More practically, when applying for certain jobs it can help to have an Ivy League university or a top-class European school on your resume. Then there is the network effect. Students are exposed to faculty who might have different perspectives and new alumni networks, and they also get to meet recruiters in multiple markets and locations, which opens up opportunities.
Put it all together, and grads from cross-continental dual-degree programs get the benefits of having studied in several prestigious schools. “If you put on your CV that you have done a double-degree program, that signals to employers that you’re serious about your future because doing a double-degree is an additional challenge,” says Zoltan Antal-Mokos, ESMT’s dean of degree programs. “In a way, this may signal to your future employer that you’re committed to your own development.”
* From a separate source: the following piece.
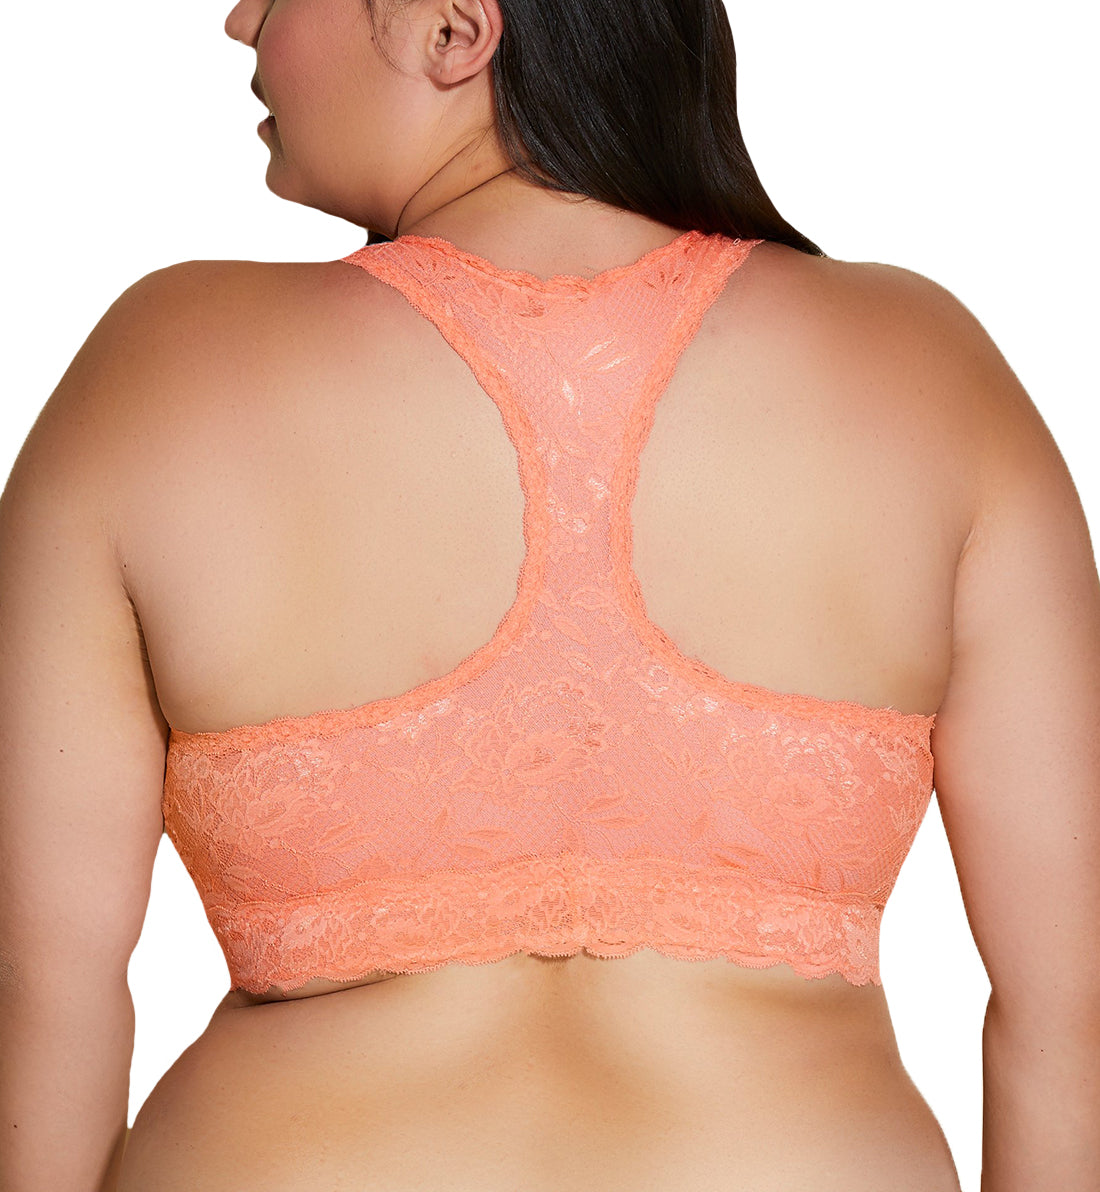 Cosabella Never Say Never Ultra CURVY Racie Racerback Bralette (NEVER1353),XS,Coral Breeze - Coral Breeze,XS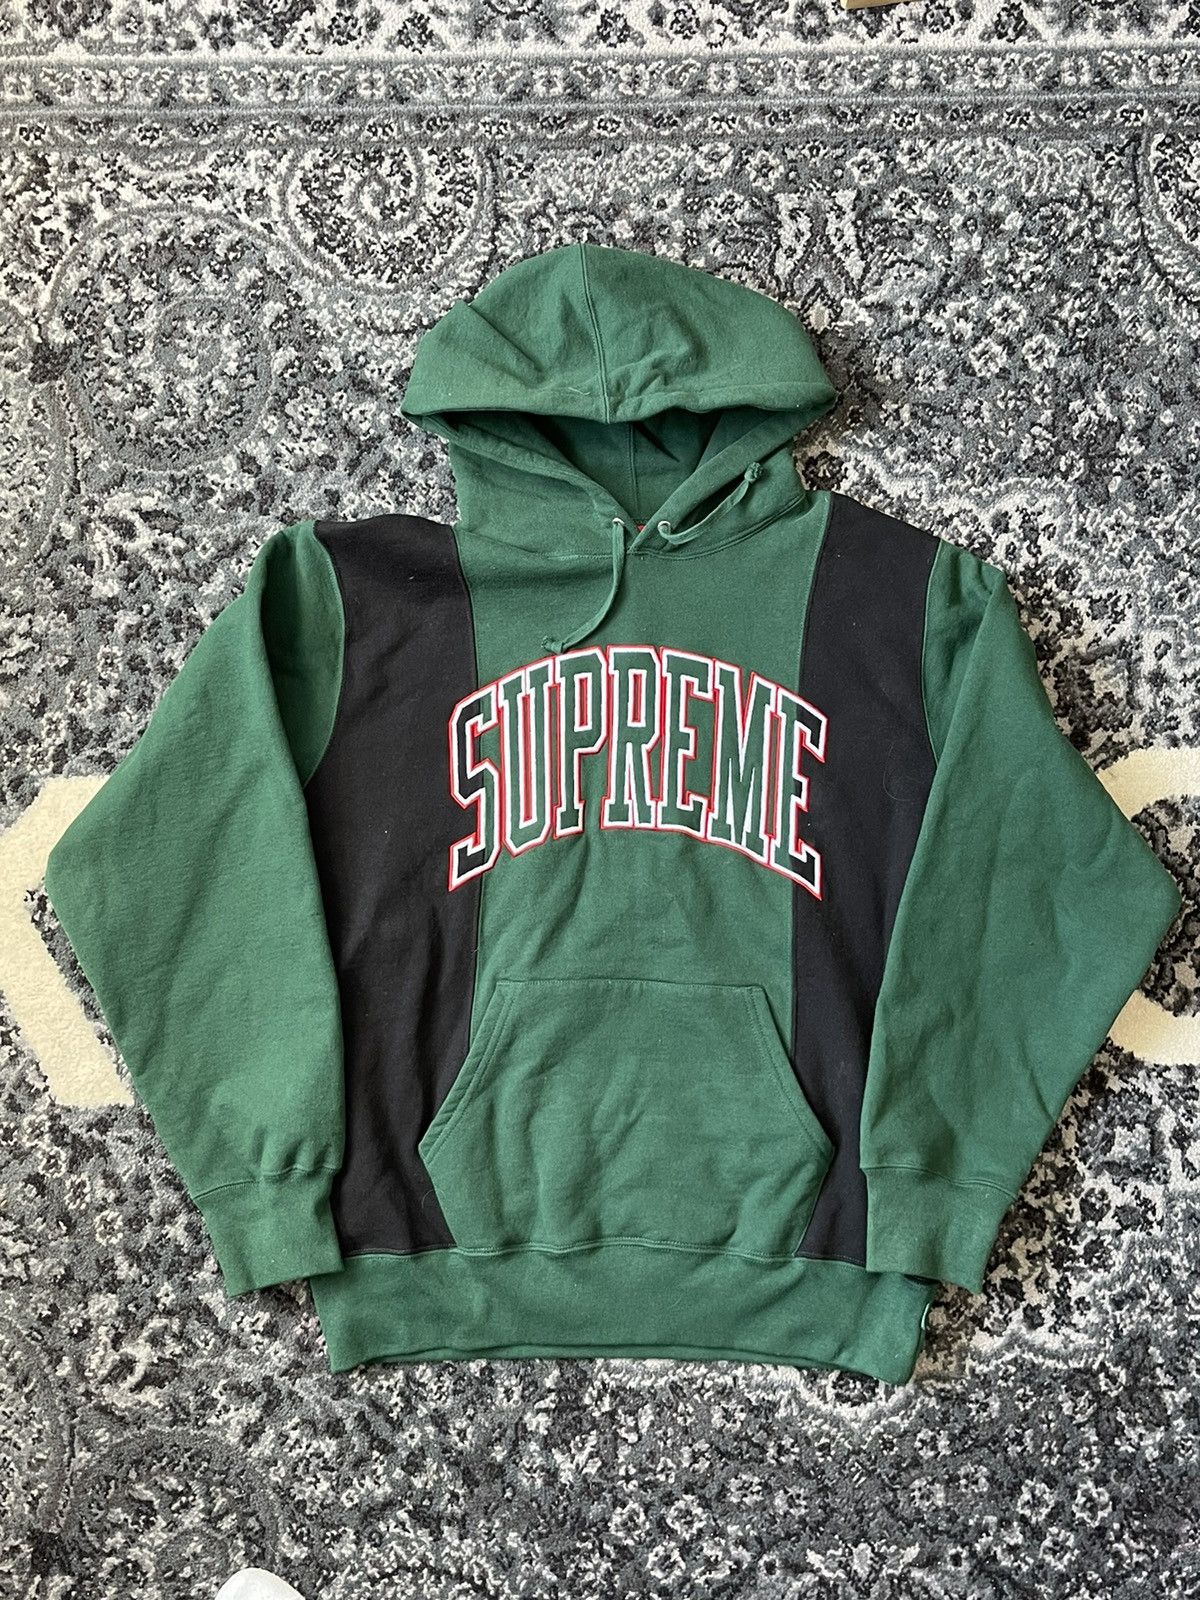 Pre-owned Supreme Green Paneled Arc Hoodie Size Large

‘WALLS DON’T WORK IN 2018’
Students get another benefit from such programs: deep experience in very different business cultures. Students on the Kellogg-Otto Beisheim joint EMBA get to experience Germany’s center of telecommunications and media as well as an American hotbed of financial services and manufacturing. Studying in Berlin and Yale gives them access to one of Europe’s coolest start-up scenes and entry to blue-chip America. Rotman is embedded in the AI hub of Toronto, while Bocconi is connected with the Italian luxury-goods sector and southern Europe’s banking center. Bottom line: Everywhere you look, employers committed to globalization like people who have experienced more than one place.
Who are these multi-country programs for? A typical student is a leader who is driving a firm’s globalization, whether that is a global company working toward having a total global footprint, a business which is starting that journey, or one that wants to expose its future leaders to globalization strategies, says Ferdinando Pennarola, director of SDA Bocconi’s GEMBA.
“There is a lot of partial globalization,” Pennarola says. “Thousands of companies have a wider exposure in some areas. Some business models work well in old Europe, but not in emerging economies. A lot of companies need to know how to expand their global footprint.” And GEMBA students can help with that.
Employees with a multi-country educational experience are gold-dust to businesses that are committed to globalization. And globalization is, after all, a fact of life. “Walls don’t work in 2018,” says Rotman’s Brian Golden. And they won’t in the future, no matter the rhetoric from certain politicians on both sides of the Atlantic.
FIVE TRANSATLANTIC EMBAs
TRIUM
A triple-school EMBA run by London School of Economics (UK), HEC (Paris, France) and NYU Stern (New York). The 18-month program was ranked #2 EMBA in The Financial Times’ global rankings in 2018.
Bocconi (Milan, Italy)-Rotman (Toronto, Canada)
Bocconi School of Management has been running a GEMBA for a decade, but from 2019 will run a dual-campus one with Rotman. Participants also get the chance to visit Mumbai and Shanghai.
ESADE (Barcelona, Spain) and Georgetown (Washington, USA)
A small but highly ranked GEMBA – it was ninth on the QS Joint Program EMBA ranking in 2018. The next course starts in 2020.
Columbia (New York) and London Business School (UK)
The EMBA-Global Americas & Europe gives graduates an MBA from both Columbia and London Business School. LBS runs a similar course called EMBA Global Asia with Hong Kong University. Both last 18 months.
Kellogg (Chicago, US) WHU Otto Beisheim School of Management (Vallendar, Germany)
A joint EMBA that has been running for 20 years, where the cohort has a strong German contingent – around 30% of participants are German, and the same number are from other European countries. The course runs for 21 months, but involves just 53 days out of the office.